Hennessy EJ, FitzGerald GA. Battle for supremacy: nucleic acid interactions between viruses and cells. J Clin Invest. 2020 Dec 8:144227. PubMed: https://pubmed.gov/33290272. Full-text: https://doi.org/10.1172/JCI144227
The variability in the clinical response to infection with SARS-CoV-2 reflects differences in host genetics and/or immune response. In this review, Elizabeth Hennessy and Garret FitzGerald examine the influence of viruses on the host epigenome and consider how variation in the epigenome may contribute to heterogeneity in the response to SARS-CoV-2.

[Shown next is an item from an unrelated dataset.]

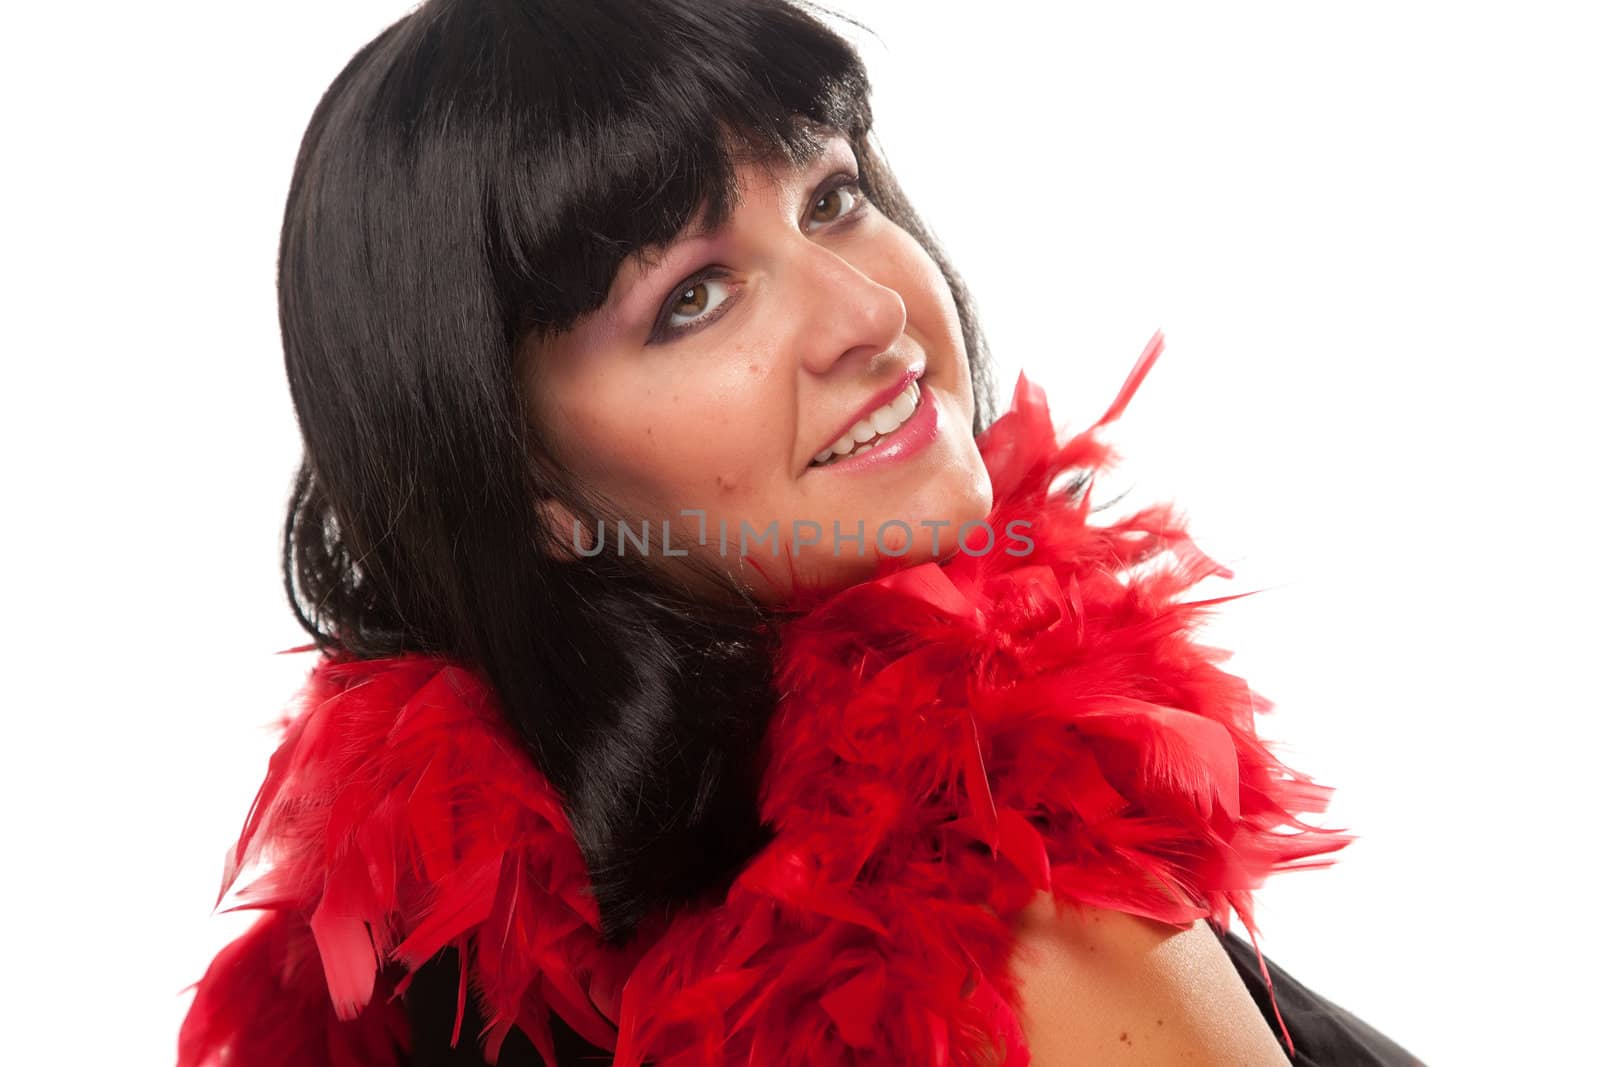 Pretty Girl with Red Feather Boa by Feverpitched
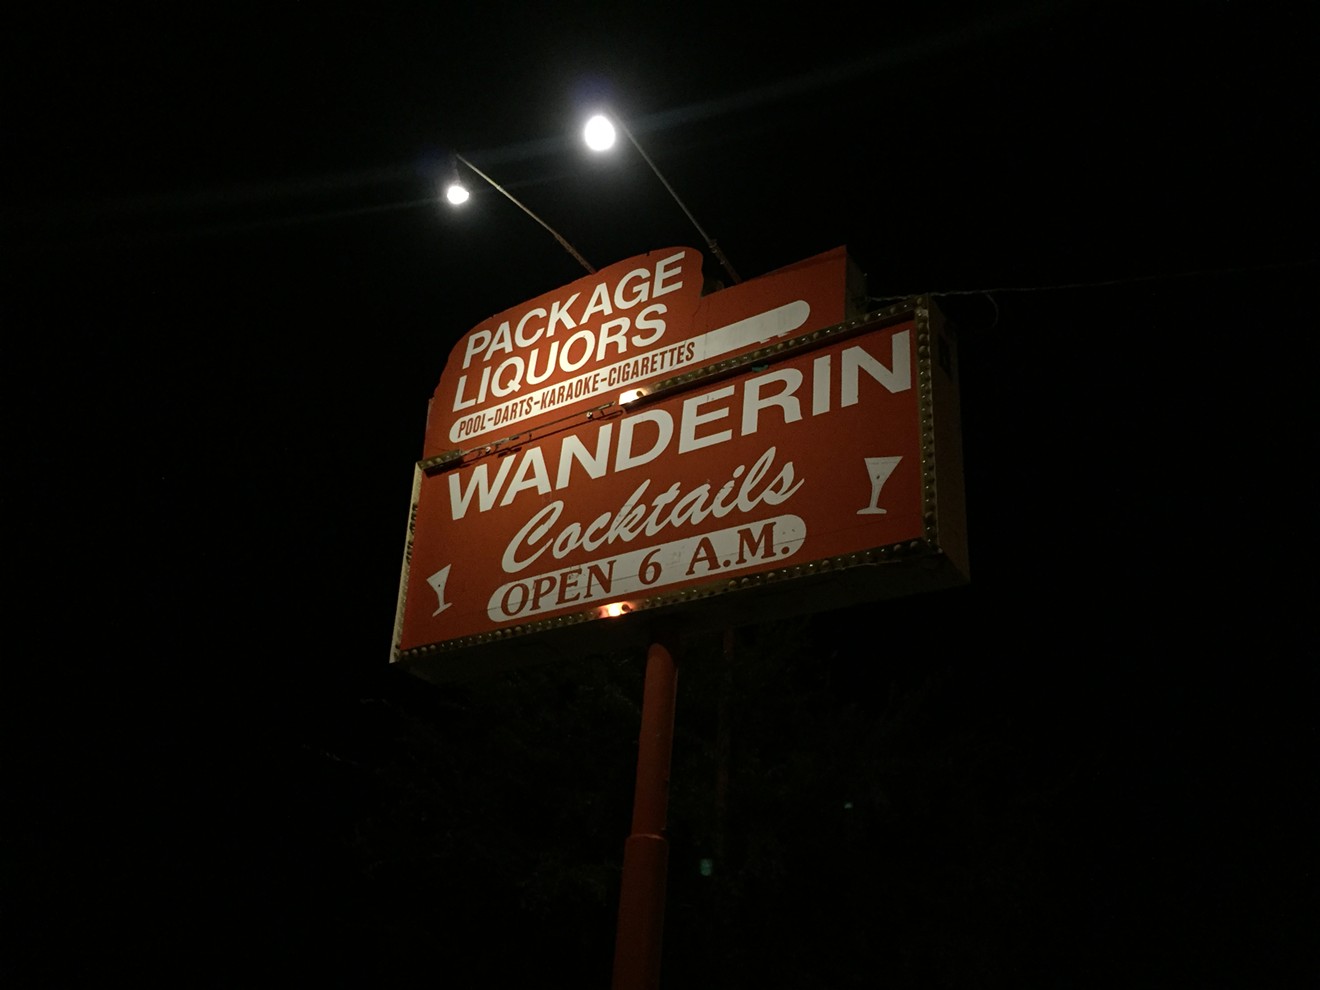 Start early, stay late, at Wanderin.

Simoneau CR, Ott M. Modeling Multi-organ Infection by SARS-CoV-2 Using Stem Cell Technology. Cell Stem Cell 2020, published 3 December. Full-text: https://doi.org/10.1016/j.stem.2020.11.012
OVID-19 is a multi-organ disease causing characteristic complications. In this mini-review, Camille Simoneau and Melanie Ott from the Gladstone Institute of Virology, San Francisco, show that stem cell models of various organ systems—most prominently, lung, gut, heart, and brain—are at the forefront of studies aimed at understanding the role of direct infection in COVID-19 multi-organ dysfunction. A perfect reading for the weekend!